Nevertheless, the letter is useful in suggesting some steps that Section 501(c)(3) organizations should take to protect themselves when they do have interactions with candidates for public office. It is quite clear that if the candidate is speaking in a non-candidate capacity, the organization should make sure that campaign volunteers for the candidate are not campaigning on premises that are under the control of the organization. It appears that volunteers can campaign in close proximity to the site of the speech, provided it is public property, or property that is not within the control of the organization (e.g., private property of another person or entity in close proximity to the speech site). However, Section 501(c)(3) organizations should be careful. We wonder whether the IRS might look at the situation differently if the candidate and the organization collude, with the organization knowing from the outset that the speech will be non-political, but that volunteers will be waiting on the public sidewalk just outside the hall as attendees leave the hall. We would argue that the organization is using its assets and goodwill to bring together a crowd to facilitate the candidate's campaign activity. But for the speech, it would be unlikely that those 1,000 people would be directly exposed to the campaign volunteers on public property.

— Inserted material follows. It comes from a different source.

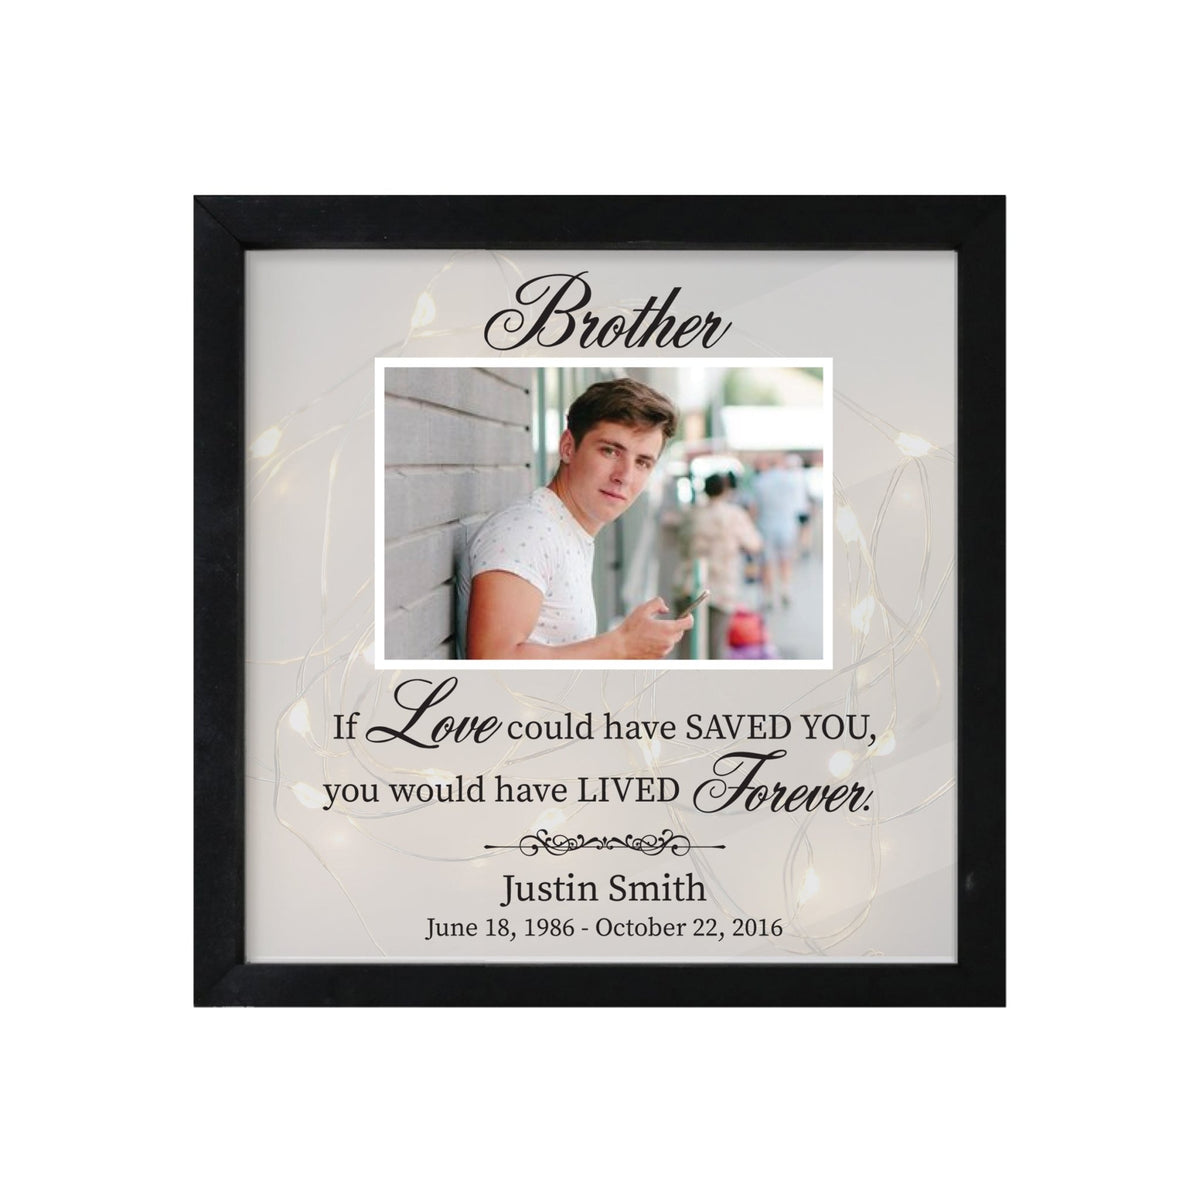 Personalized Memorial Black Framed Shadow Box With Lights Sympathy Gift &amp; Wall Décor - If Love Could (Brother) - LifeSong Milestones

We also think the fact that the UCC set ground rules and had its counsel speak to the Obama campaign were critical steps. The announcement to the audience was also important. Any organization that finds itself in a position similar to the UCC would be wise to take comparable steps and to then document them.
We have to chuckle about the link to the IRS Web site and advising church leaders about Revenue Ruling 2007-41. Had Wesley Snipes linked to the IRS Web site would he have received a reduced sentence? We doubt it. Nevertheless, there is no cost in strapping on these wings. So why not do it?
As we said, it is too bad that the IRS did not address whether Senator Obama's speech crossed the line. We would have learned a lot had the IRS concluded that the Obama speech had crossed the line, but that the UCC had not engaged in a prohibited intervention. We would have a better sense of how to determine whether a speech constitutes a prohibited intervention and whether the Section 501(c)(3) organization has the duty to then cut the power on the mike.